The film was sent to be developed in Bono Labs in Arlington, Virginia, which, according to Aronofsky, was the only one to develop black and white reversal stock. Consequently, the crew only received dailies after a week of sending the footage in. Raw stock cost $5,414 and developing it cost $18,000. While the crew was able to shoot in the warehouse for free, they did have to pay the electricity bill, which increased dramatically during filming.

During post-production, most of the budget went toward the negative cut, which was a match back from an AVID cut list. Clint Mansell created the score on his equipment, for which he was paid a deferred fee. The rest of the money for music went toward rights for festival entries. There was a separate budget for film and lab for post-production for the blow-up release print, which cost roughly $25,571. Another $3,000 went to the 35mm optical soundtrack.

The production cost was $60,927, and post-production costs amounted to $68,183. Along with other expenses, including insurance, the film cost $134,815.

Themes

Mathematics
Pi features multiple references to mathematics and mathematical theories. For instance, Max finds the golden spiral occurring everywhere, including the stock market. Max's belief that diverse systems embodying highly nonlinear dynamics share a unifying pattern bears much similarity to results in chaos theory, which provides machinery for describing certain phenomena of nonlinear systems, which might be thought of as patterns. During the climactic drill scene, a pattern resembling a bifurcation diagram is apparent on Max's shattered mirror.

The game of Go
In the film, Max periodically plays Go with his mentor, Sol. This game has historically stimulated the study of mathematics and features a simple set of rules that results in a complex game strategy. Each character uses the game as a model for their view of the universe; Sol says that the game is a microcosm of an extremely complex and chaotic world, while Max asserts its complexity gradually converges toward patterns that can be found.

Both Gullette and Margolis spent many hours learning the game at the Brooklyn Go Club, and had the help of a Go consultant, Dan Weiner, for the film. The film credits list Barbara Calhoun, Michael Solomon, and Dan Wiener as Go consultants.

Kabbalah
Early in the film, when Lenny begins talking with Max about his work, he asks if Max is familiar with kabbalah. The numerological interpretation of the Torah and the 216-letter name of God, known as the Shem HaMeforash, are important concepts in traditional Jewish mysticism.

Quran
Another religious reference comes when Max is in the market looking for that day's newspaper, when a recitation from the Quran can be heard in the background, which cites Quran 2:140: "Or do you say that Abraham and Ishmael and Isaac and Jacob and the Descendants were Jews or Christians? Say, 'Are you more knowing or is Allah?' And who is more unjust than one who conceals a testimony he has from Allah? And Allah is not unaware of what you do."

Soundtrack

Pi launched the film scoring career of Clint Mansell. The soundtrack was released on July 21, 1998, via Thrive Records. AllMusic rated it 4.5 stars out of five. A music video for "πr²", using an alternative mix of the title track, is available as a special feature on the π DVD, consisting of footage from the film intercut with stock color reels of ants, harking back to one of the film's visual motifs.

Credits
Design – Jeremy Dawson, Sneak Attack
Executive-Producer – Eric Watson, Ricardo Vinas, Sioux Zimmerman
Mastered By – Mark Fellows
Written-By [Voiceover] – Darren Aronofsky, Sean Gullette

Release
Produced on a budget of $134,815 (including $60,927 for production and $68,183 for post-production), the film was financially successful at the box office, grossing $3,221,152 in the United States despite only a limited theatrical release. It has sold steadily on DVD. Pi was the first ever film to be sold as a download or pay-per-view on the Internet. On the website Sightsound.com, the film was available for purchase as a download, as well as streaming in a pay-per-view window.
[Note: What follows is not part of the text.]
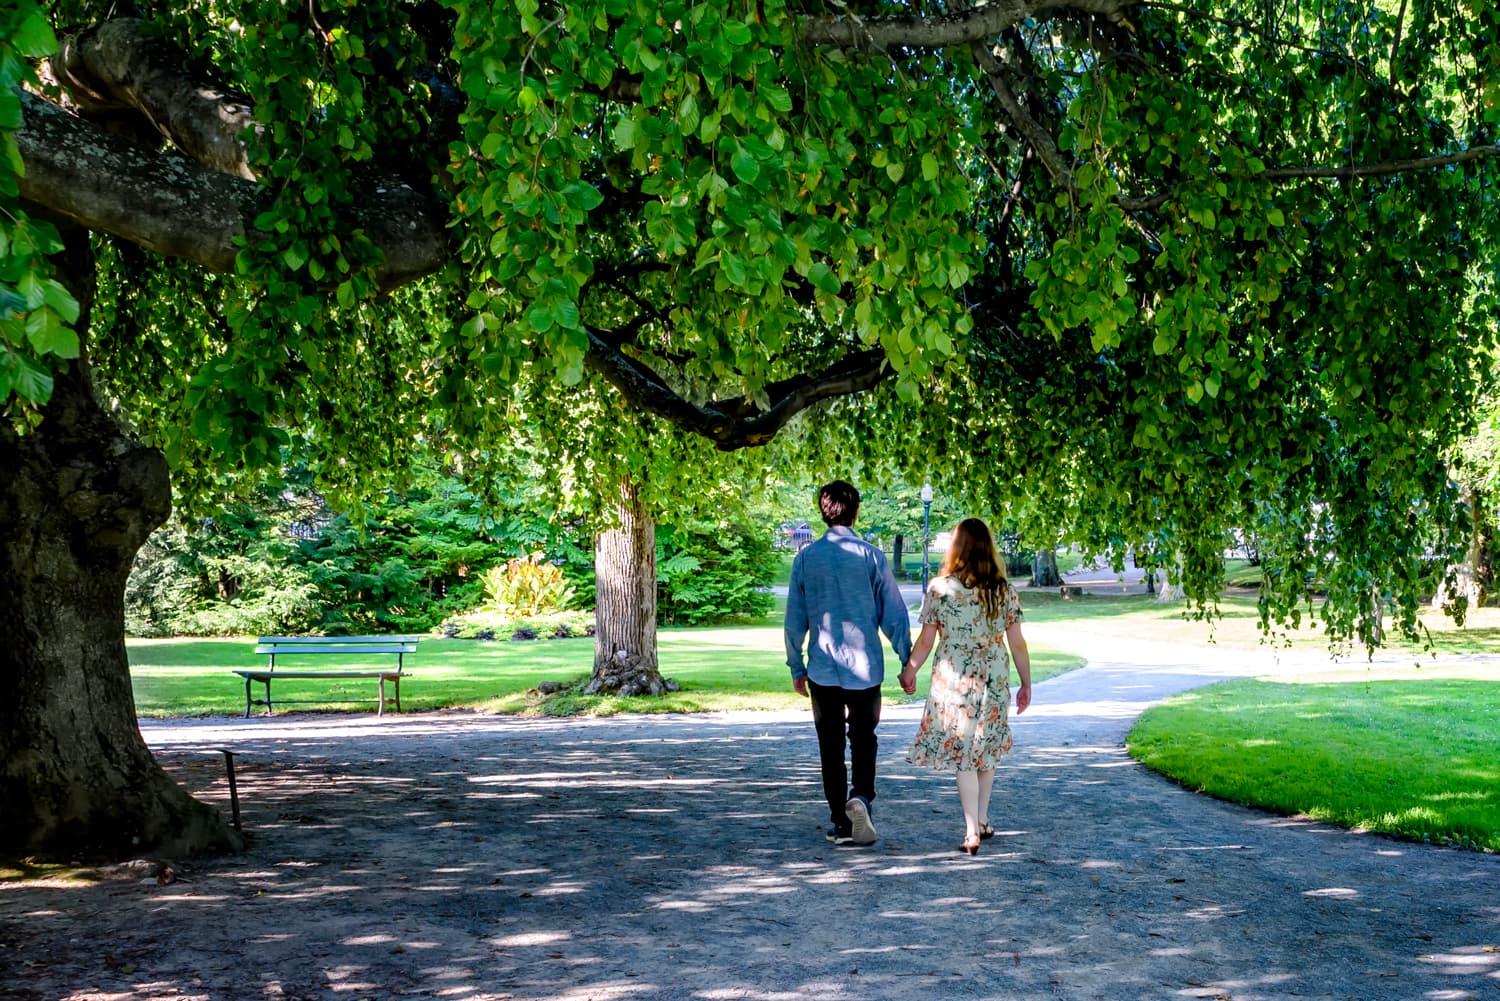 A newly engaged couple walks down a pathways at the Public Gardens in Halifax, NS under the tree canopy.

More than a decade after its theatrical release, rights to the film reverted from Lionsgate (owner of the Artisan library) back to Aronofsky, who sold it to A24 in 2023. The 8K and Atmos restoration version was released on March 14 by A24 in the IMAX format, to commemorate its 25th anniversary.

Critical reception
Pi was received well by critics upon release. On Rotten Tomatoes, the film has an 88% approval rating based on 56 reviews with an average rating of 7.3/10. The website's critical consensus reads: "Dramatically gripping and frighteningly smart, this Lynchian thriller does wonders with its unlikely subject and shoestring budget." On Metacritic, the film has a rating of 72 out of 100 based on 23 reviews, indicating "generally favorable reviews". 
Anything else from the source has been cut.